After the merger, Shriram Finance will emerge as second largest NBFC with an assets under management of over Rs 1,71,000 crore. The company also announced that Umesh Revankar has been appointed as Executive Vice Chairman of Shriram Finance, and YS Chakravarti was appointed as MD & CEO of Shriram Finance for 3 years.
The company sees lower funding cost as the merged entity will get Shriram Transport's AA+ rating and also sees synergies of selling more products to existing set of customers.
Chakravarti said, “The immediate benefits, what I am looking at is our ability to increase our penetration of SME loans, and also increase in gold on branches, where we can actually leverage on the network of Shriram, Transport finances, branches, and experience of that team.”
Umesh Revankar, Vice Chairman & MD, Shriram Transport Finance said, “We believe that increasingly the customers are also getting exposed to multiple products.
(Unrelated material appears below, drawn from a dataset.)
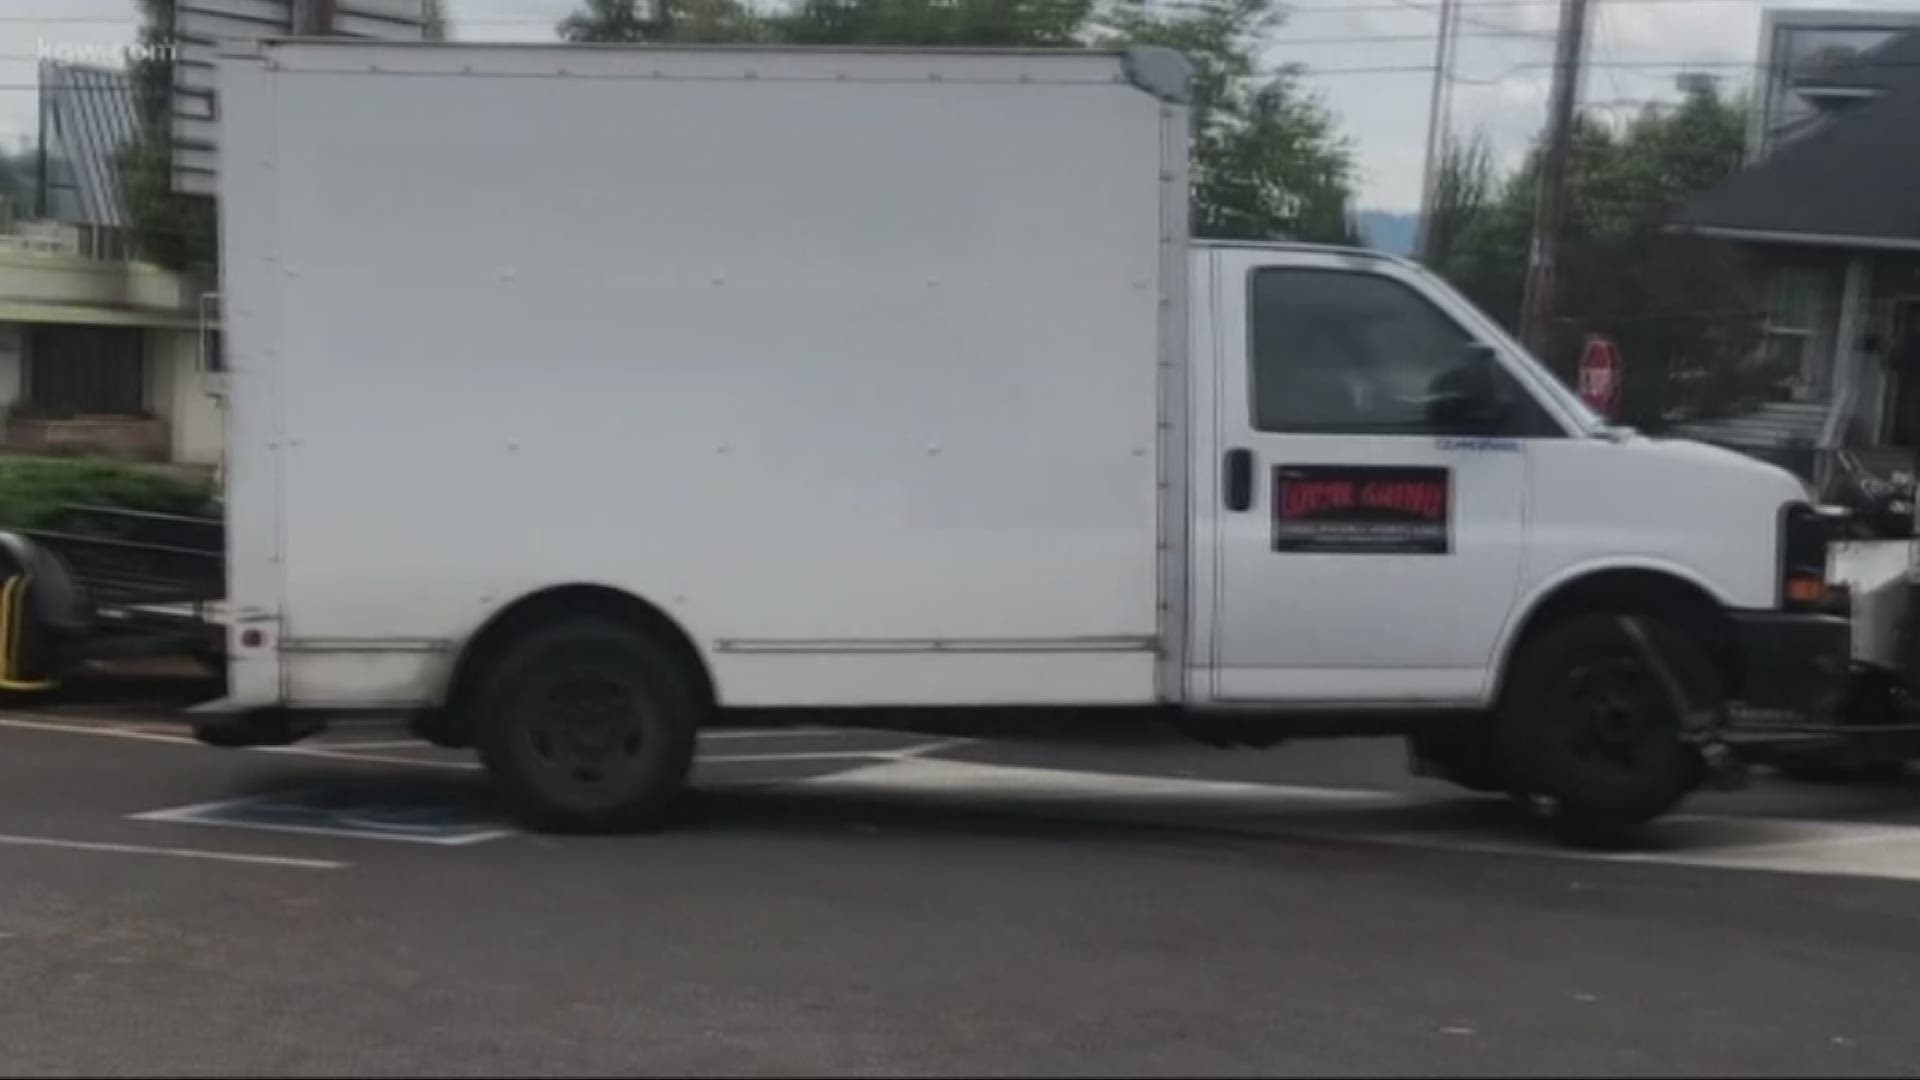 A truck owner found his stolen vehicle by accident.

No more that customer is just focused on a single product and he also has multiple requirements. So we feel that with this merger we will be able to meet all these requirements or all their needs or services.”
The company is heavily dependent on used-commercial vehicle finance and its overall vehicle finance vertical contributed 77.5 percent of its over Rs 1.71 lakh crore loan book now.